## PROBLEM DESCRIPTION
Verbatim copy without images: return all of the data as it stands.

## GIVEN INFORMATION
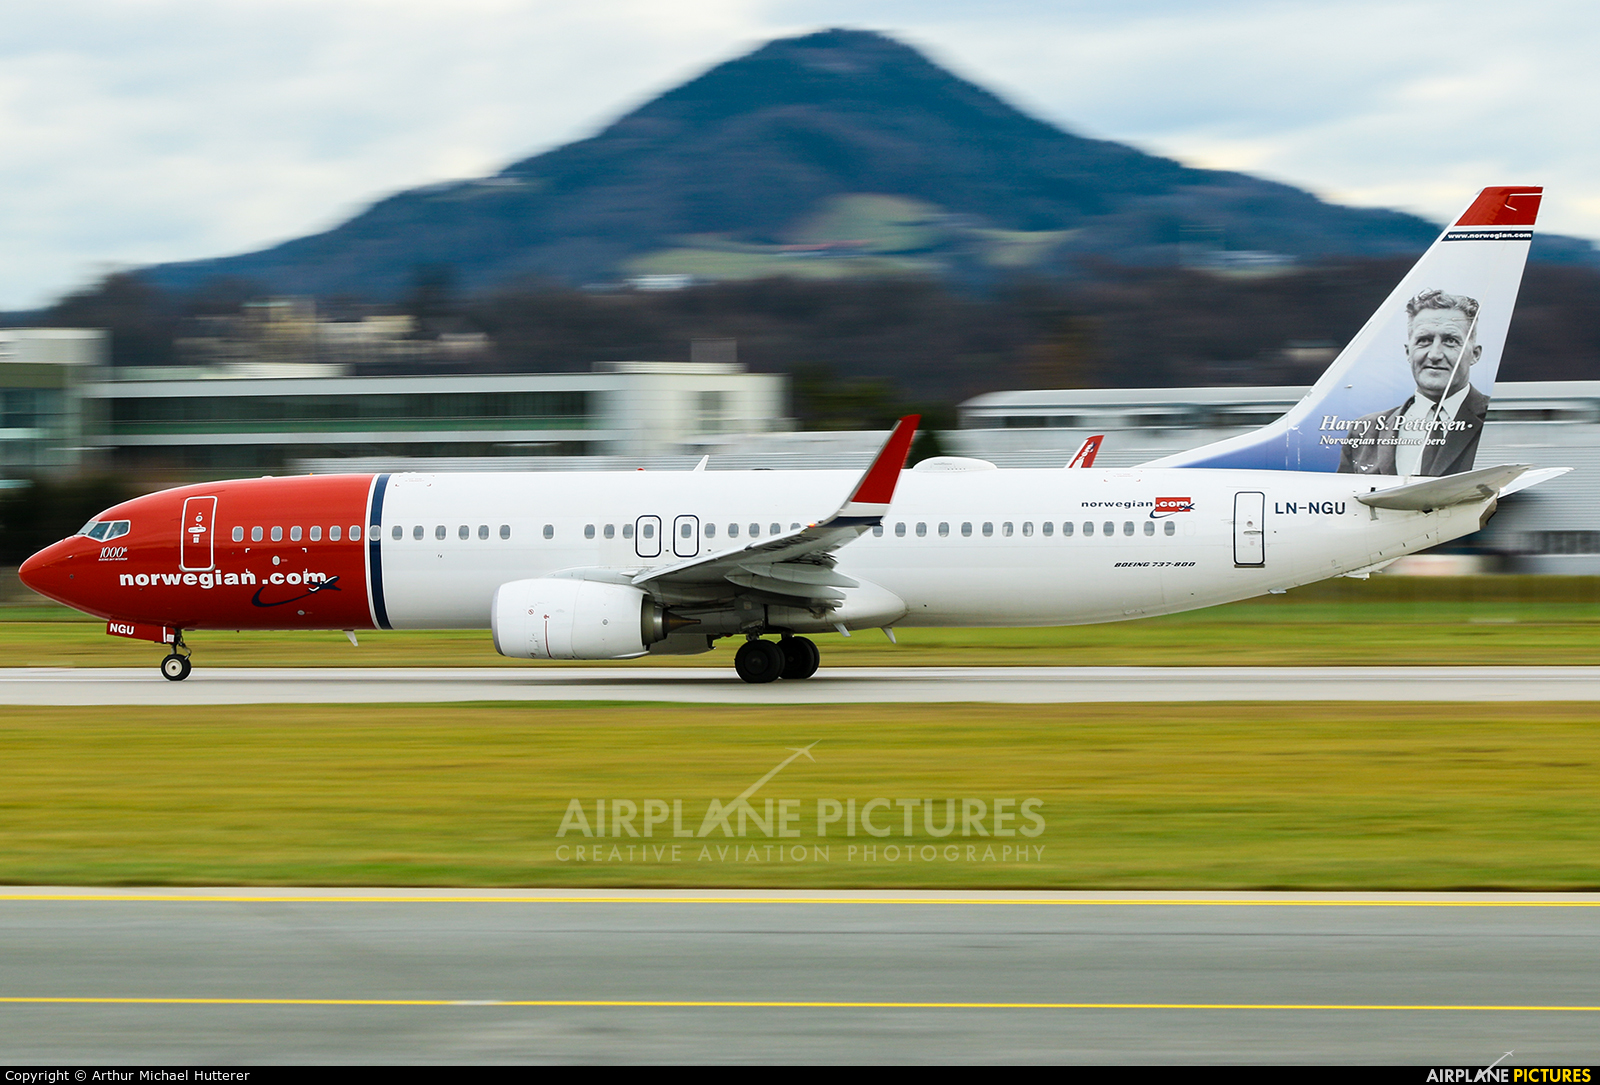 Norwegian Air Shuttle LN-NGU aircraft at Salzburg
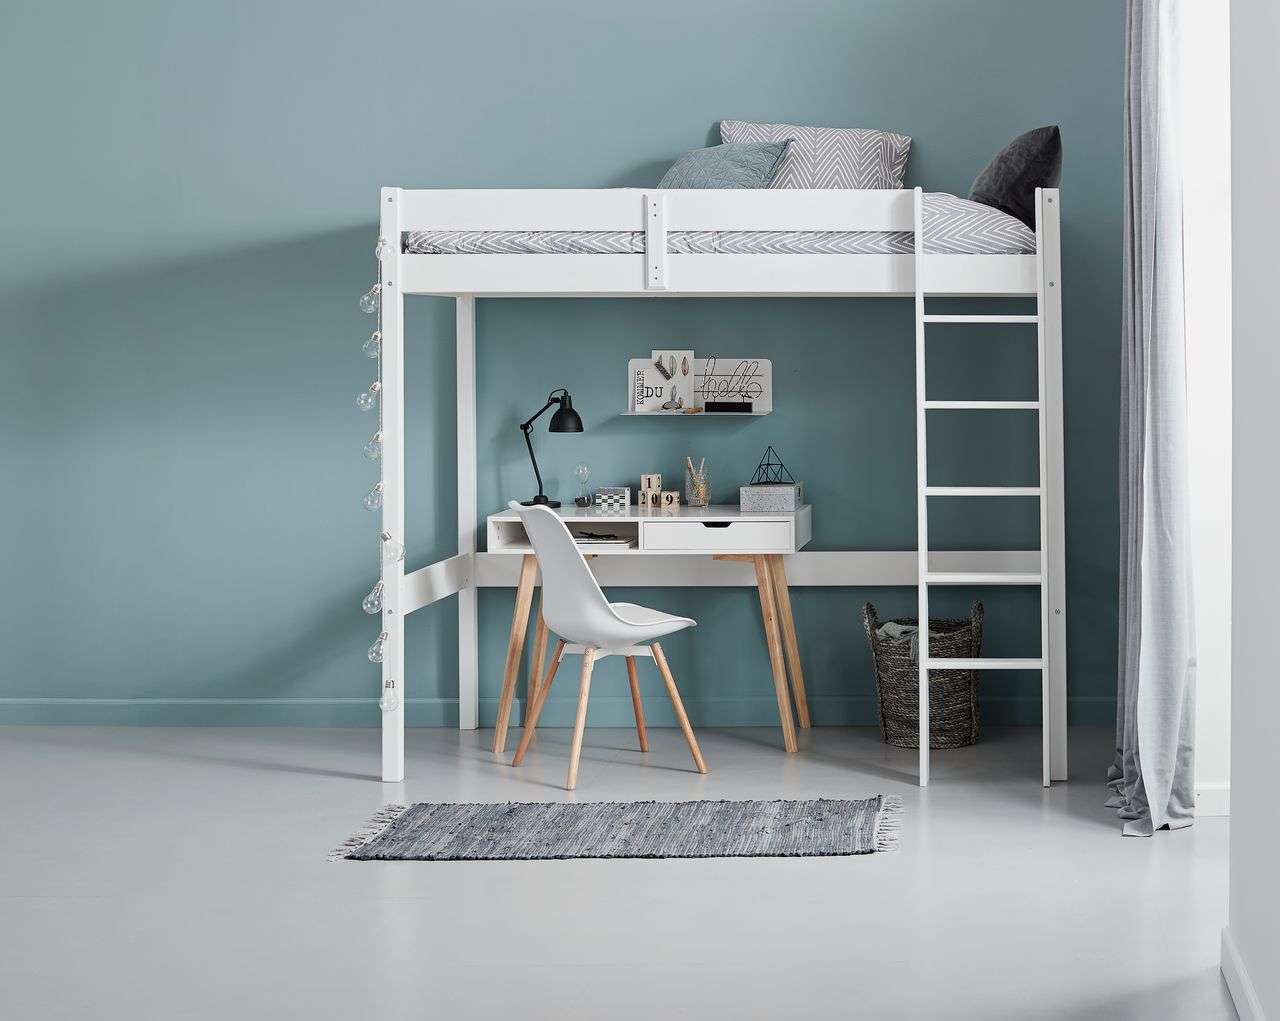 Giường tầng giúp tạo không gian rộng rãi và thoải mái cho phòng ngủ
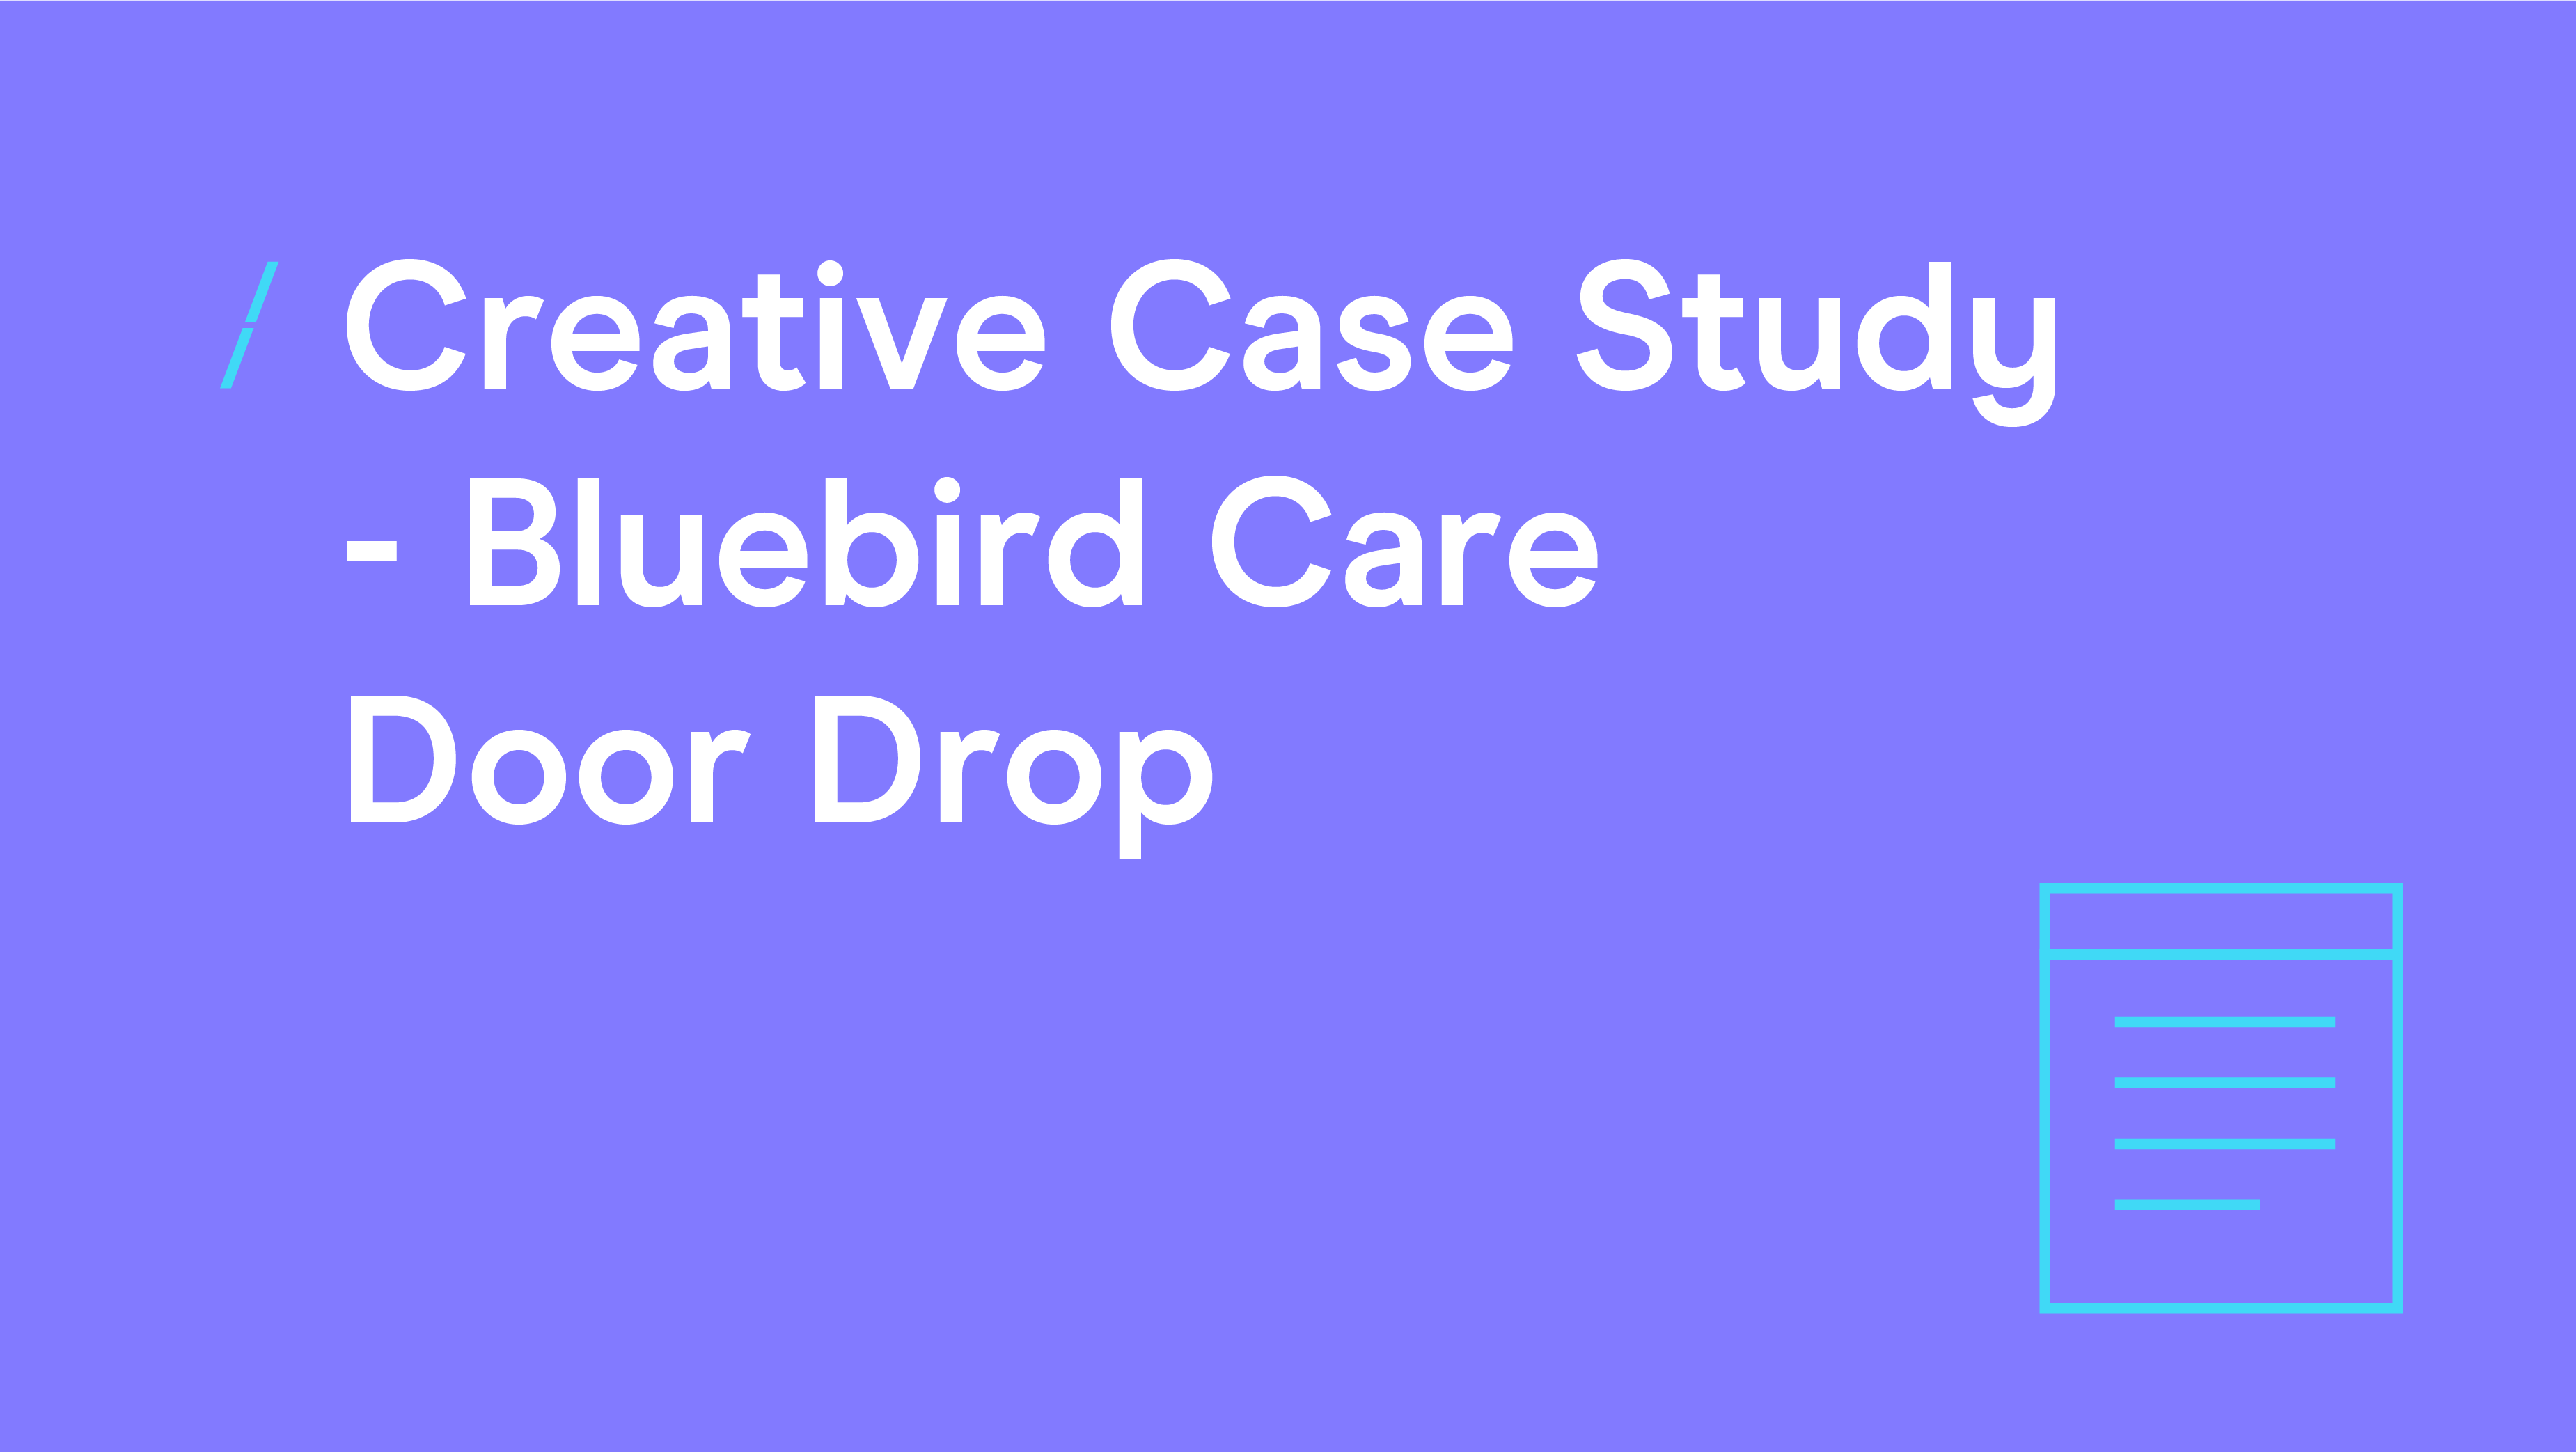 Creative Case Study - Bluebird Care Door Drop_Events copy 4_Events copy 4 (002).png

## RESPONSE
 Norwegian Air Shuttle LN-NGU aircraft at Salzburg
 Giường tầng giúp tạo không gian rộng rãi và thoải mái cho phòng ngủ
 Creative Case Study - Bluebird Care Door Drop_Events copy 4_Events copy 4 (002).png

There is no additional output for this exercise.